Estamos convencidos de que hay que hacer una reforma de la seguridad social, es otro de los temas en que estamos conceptualmente de acuerdo. Estamos estudiando el anteproyecto que se nos presentó hace unos días. Nuestro equipo de técnicos está trabajando y hemos invitado a otros expertos a que nos asesoren también. Todo indica que así, como estamos, no podemos seguir y hay que hacer algo. También lo vemos como una forma de buscar eficiencia en las empresas. El otro tema es la inserción internacional. Estamos de acuerdo en que Uruguay tiene que salir y abrirse al mundo y negociar en las mejores condiciones que pueda, por supuesto contemplando los rubros que haya que atender. El contrabando y el informalismo es otro de los temas que nos preocupa mucho y que también se explicitó en la recorrida que acabamos de hacer por la frontera.
Diego Battiste
Preocupa la brecha cambiaria con Argentina y Brasil.
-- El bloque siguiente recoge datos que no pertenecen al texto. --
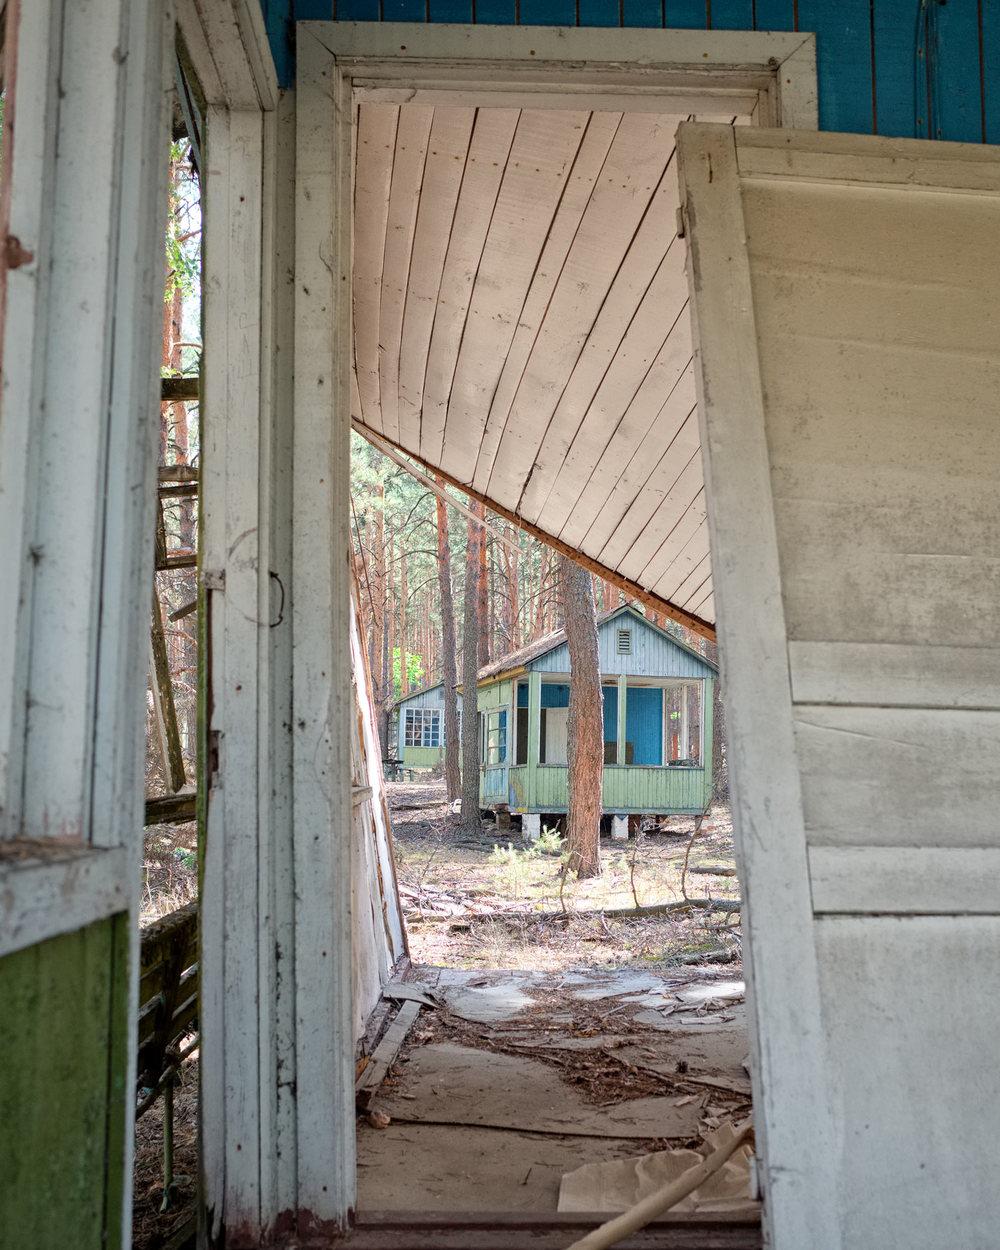 289_chernobyl_EmeraldChildrensCamp_w.jpg
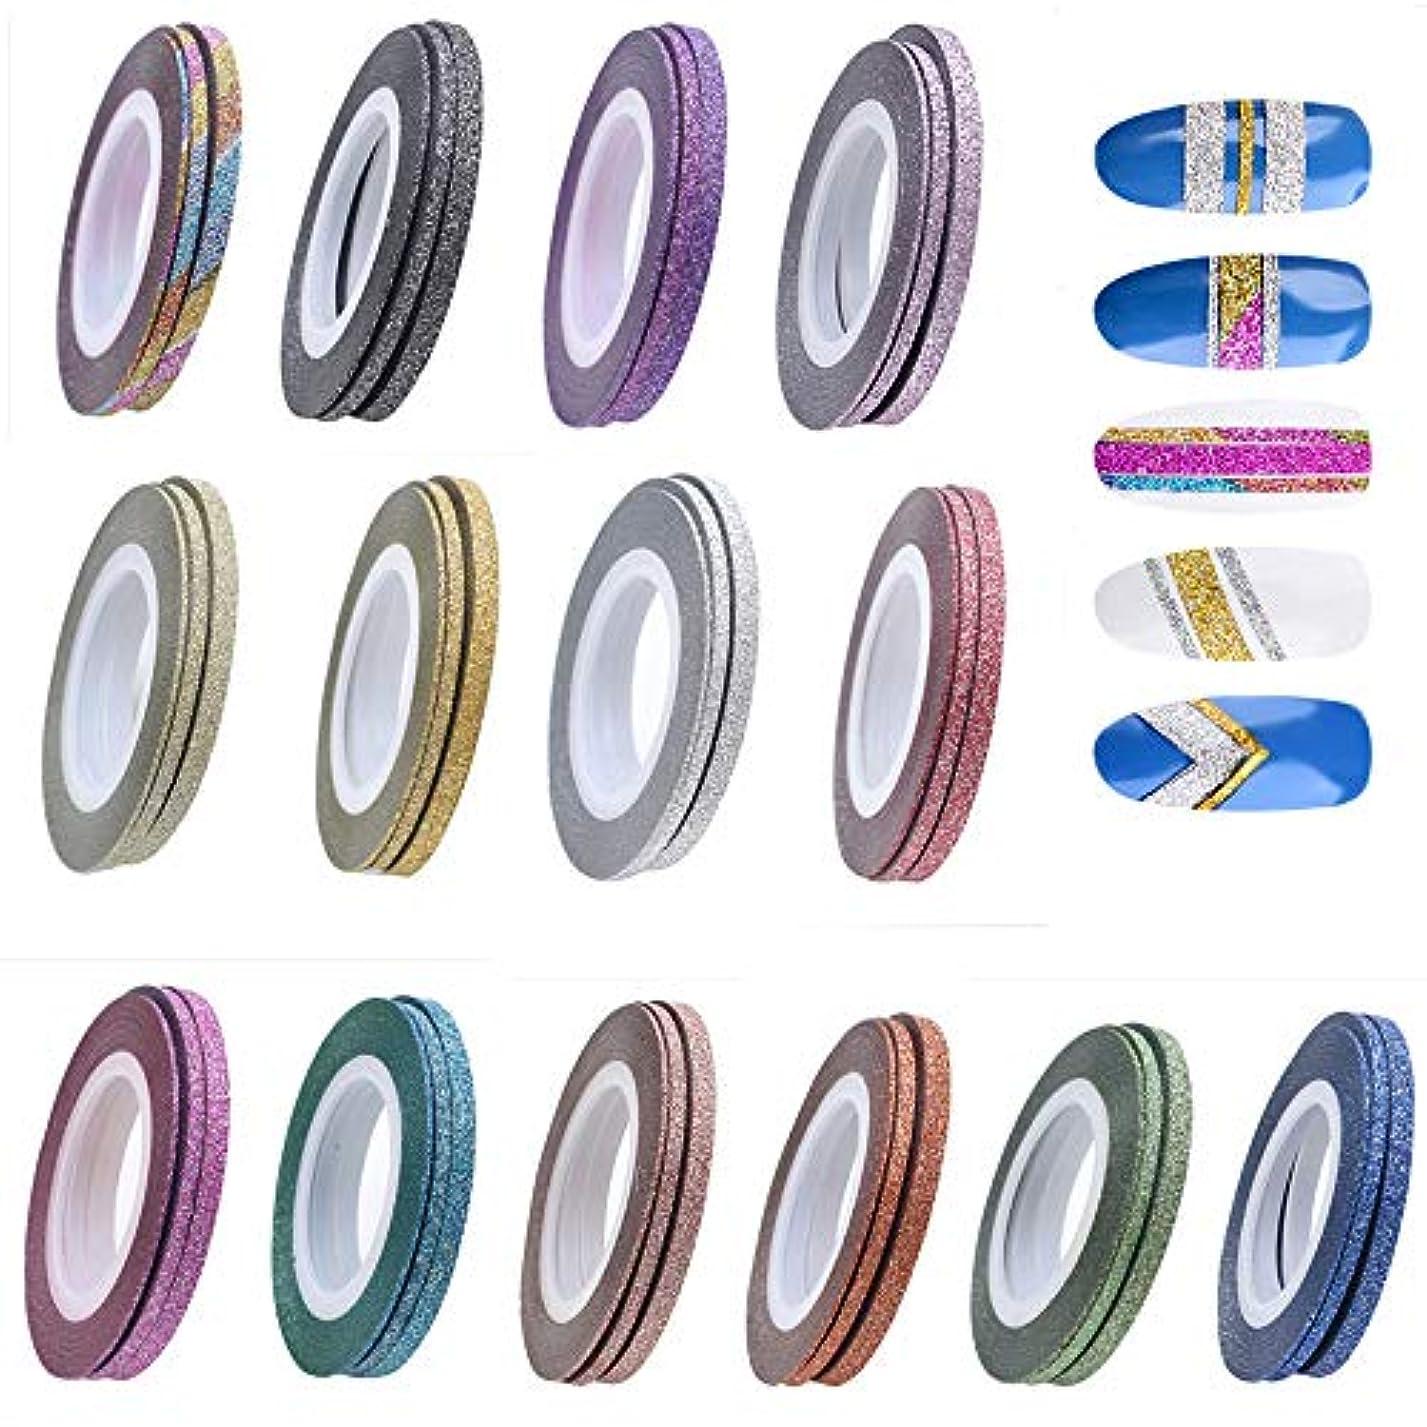 わずかにパノラマ偏見ネイルアート 艶消しラインテープ 42個セット(1mm/2mm/3mm各14色)ネイルデザインパーツ

La Cámara de Comercio no quedó del todo conforme con el proyecto que remitió el Poder Ejecutivo para levantar las observaciones de la OIT. Particularmente, insisten con la necesidad de que las negociaciones salariales sean bipartitas y no tripartitas, como ocurre hoy. ¿Cómo ve este tema?
Durante 10 años hemos expresado nuestra posición al respecto; entendemos que se está avanzando. Podemos tener alguna discrepancia pero hay mucho diálogo y eso nos permite acercarnos más en algunos puntos que podemos estar en desacuerdo, pero sí reconocemos que hay un avance. De eso no tenemos ninguna duda. Nosotros pedíamos la negociación bipartita como lo planteamos en su momento, pero estamos en camino. Tratemos de ver en lo que estamos de acuerdo. Yo siempre trato de ver el vaso medio lleno y no el vacío. Estamos trabajando bien; hay que dar tiempo a que las cosas maduren.
¿Cómo definiría al empresario uruguayo? Hay un sector de la sociedad que lo mira con cierto recelo.
Siempre trato de destacar y posicionar la imagen del empresario uruguayo, que es muy bueno, muy creativo, y que ha sabido sortear situaciones muy complejas en el pasado. El empresario se ha comportado muy bien. No nos olvidemos que tuvimos dos años muy difíciles para todo el comercio y el empresario se ha comportado de forma excepcional, trabajando, entendiendo la problemática, discutiendo, planteando situaciones. No es que no se haya quejado pero, ante una situación difícil, lo que hizo fue arremangarse y trabajar con las autoridades en todos los rubros. Es muy importante destacar la calidad del empresariado uruguayo. Sin empresas no hay trabajo, y eso hay que valorarlo. El empresario muchas veces está mal visto o es criticado. No digo que no haya cosas que se hayan hecho mal, pero eso no representa al empresariado uruguayo. El empresario es una persona seria, firme, concreta, convencida de lo que hace, consustanciada con su país, con su gente, y muy solidaria.
Algunas cifras
Señal de alerta
Durante el segundo trimestre (abril-junio), la actividad del sector comercio y servicios cayó 5,3% en su volumen de ventas, según la última encuesta de la gremial. Se trató el primer descenso desde el segundo trimestre de 2021, en plena pandemia. En 11 de 15 rubros se registró una contracción.
-5,3% cayó la venta en los supermercados en abril-junio. En los dos trimestres anteriores, este rubro había registrados tasas (leves) de crecimiento en su actividad.
-9,6% es la baja que acumula el dólar este año. Un tipo de cambio más bajo suele jugar a favor del sector comercial, ya que la mayoría de sus bienes son importados.